Amber Tamblyn Plays Poet

Actor? Absolutely. Poet? We’ll let you decide.
You might recognize Amber Tamblyn as the painfully scrupulous Martha Masters from TV series House, but we bet you’ve yet to read her poetry. That can change right now when you preview one of her pieces (below). If you like it, make plans to see Tamblyn throw down at Portland Poetry Slam this Sunday. Or, if you think you can do better, sign up to battle her in the 8-spot showcase. Either way, you might want to arrive early, because like all real and rumored Portlandia tapings, this thing will probably be packed.
Whenever we read the following selection, we can’t help but picture Tamblyn’s trembling pen pointed straight at her high-profile fiancé, David Cross.

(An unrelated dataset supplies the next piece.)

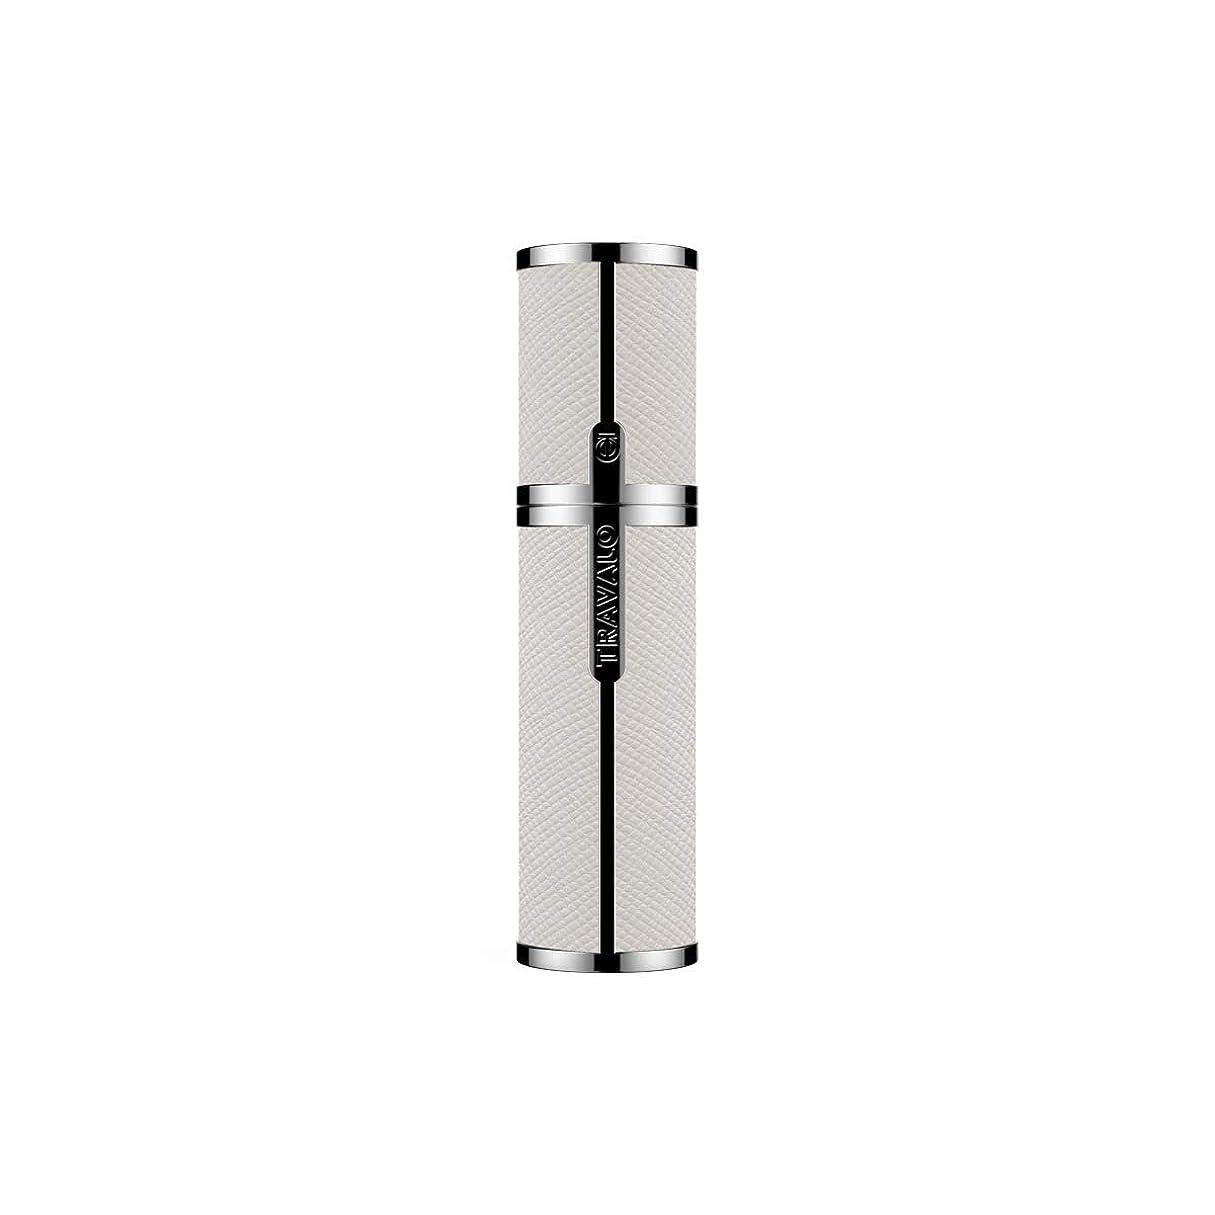 困惑した汚染コマースTRAVALO (トラヴァ―ロ) ミラノ アトマイザー ホワイト 香水 旅行 携帯 詰め替え ボトル 簡単 香水スプレー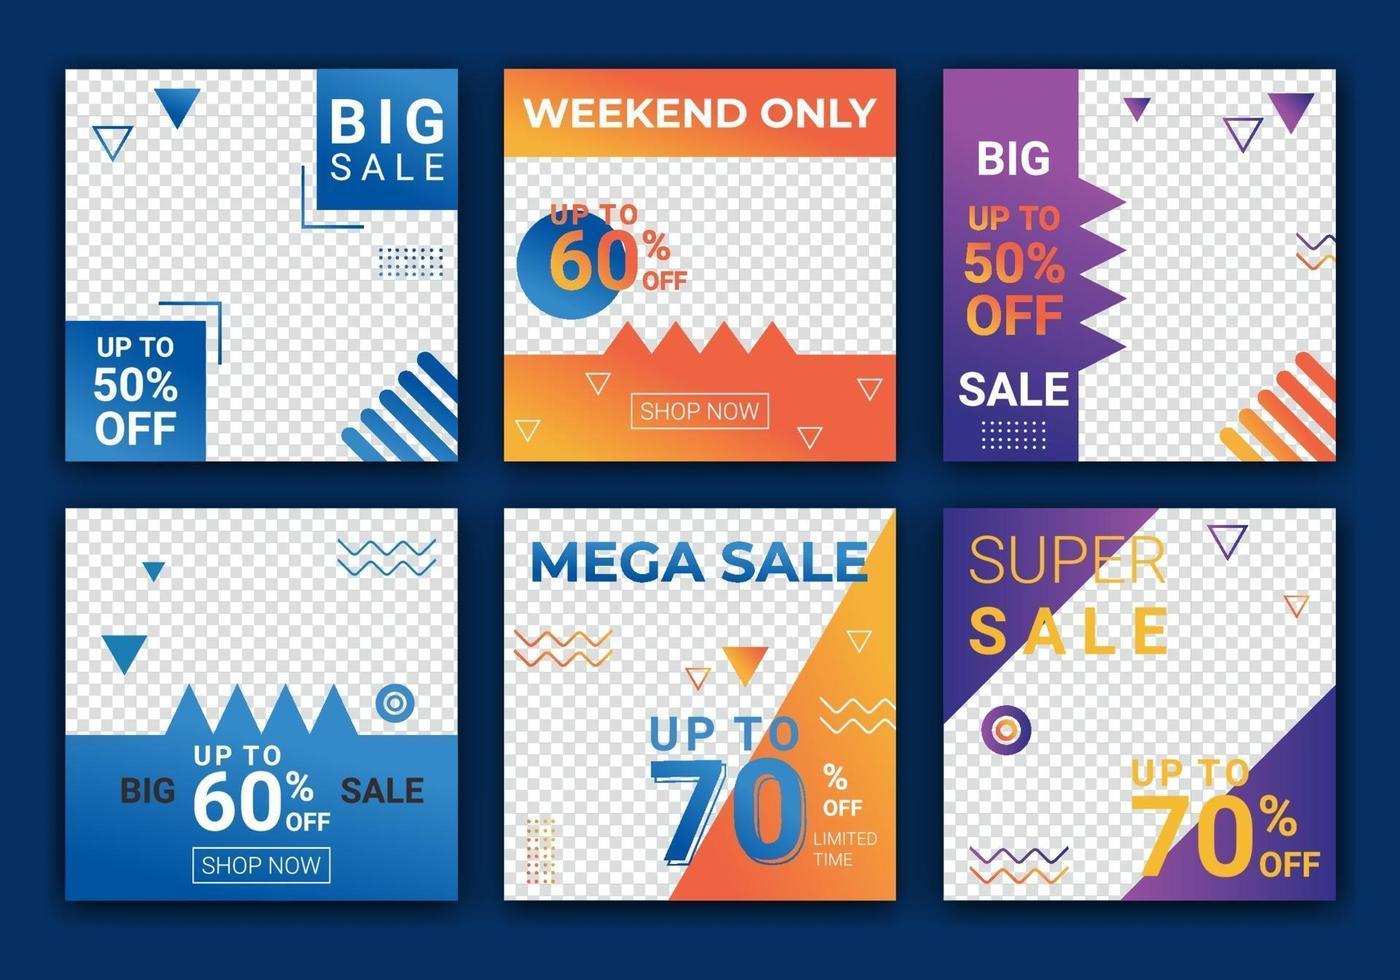 uppsättning redigerbar fyrkantig banner mall design för mode försäljning post på ig. webbbannerannonser för marknadsföringsdesign med blå, orange och lila färg. mall för försäljningsbanneradversiter. vektor illustration

If that’s the case, it describes a steamy but gradual courtship with the much-older funnyman, which just goes to show: Sexiness, like poetry, is subjective.
MOTHS
I consider myself flexible in awkward positions.
Not a home wrecker,
but I do knock.
And you and I are pals.
The kind that
open up to each other but keep mouths
at a safe distance.
But I cannot amend all tongues.
I walk the dubious centerfold of your eye-line, friend.
I carry my purse on the same side you walk next to me
to avoid hand.
To avoid saying anything small.
We are the shredded fuse,
the rebound wires commencing,
badly rerouted and iniquitous.
We are the failed test of the emergency buddy system.
Chums.
I am a derelict without furniture or life signs,
painting your posture from distance that
can fit inside the palm of your land.
Though we share ice cream instead of pipedreams,
I know
you’d never be lover to another poet
because you are one.
And the fear of being served a reflection
in the way that you have served some,
is a glass house you are not ready to escape from.
I’ll keep liking mint, while you go for chocolate.
Conundrums
I can’t seem to get away from.
You are just another sheep
jumping the fence in my nightmares.
Counting out numerical complacency,
a platonic answer with a nod-off.
Like a million hairs you’ve grown near your mouth
plowed down, rough and sore
my beard too wants to be a little f**ked and worn, but
the time is not now, if not never.
Not before, during or after
her, your lover, another, or the next chapter.
So let’s just say
let’s just stay
friends, forever.
There is no title for our book cover-up,
so I will keep reading like a brood kept laboring.
Take a long walk off my short feet,
my stomach pleads hunger no matter
how much I eat
and its open mouth aches.
Where there should be butterflies there are moths.
Eating through my loins like loincloth.
If there’s a map to things spoken, friend
we’ll see we are way off.
Buddies.
You’re the worst kind because
you wont even reject me physically,
we can’t even celebrate celibacy.
I am your dirty washboard
and yet have never had you inside me.
There’s no declaration in our country.
Pals.
You tug the one red string
that seems to run through everything.
I seek your flying patterns from behind,
the blue leading the blind.
Friends. No beneficiary.
So we stay.
© Amber Tamblyn from the book Free Stallion
Tamblyn will read at Backspace this Sunday, August 28. 7:30pm. Admission is $5 and the venue is all-ages. For more about Portland arts events, visit PoMo’s Arts & Entertainment Calendar, stream content with an RSS feed, or sign up for our weekly On The Town Newsletter!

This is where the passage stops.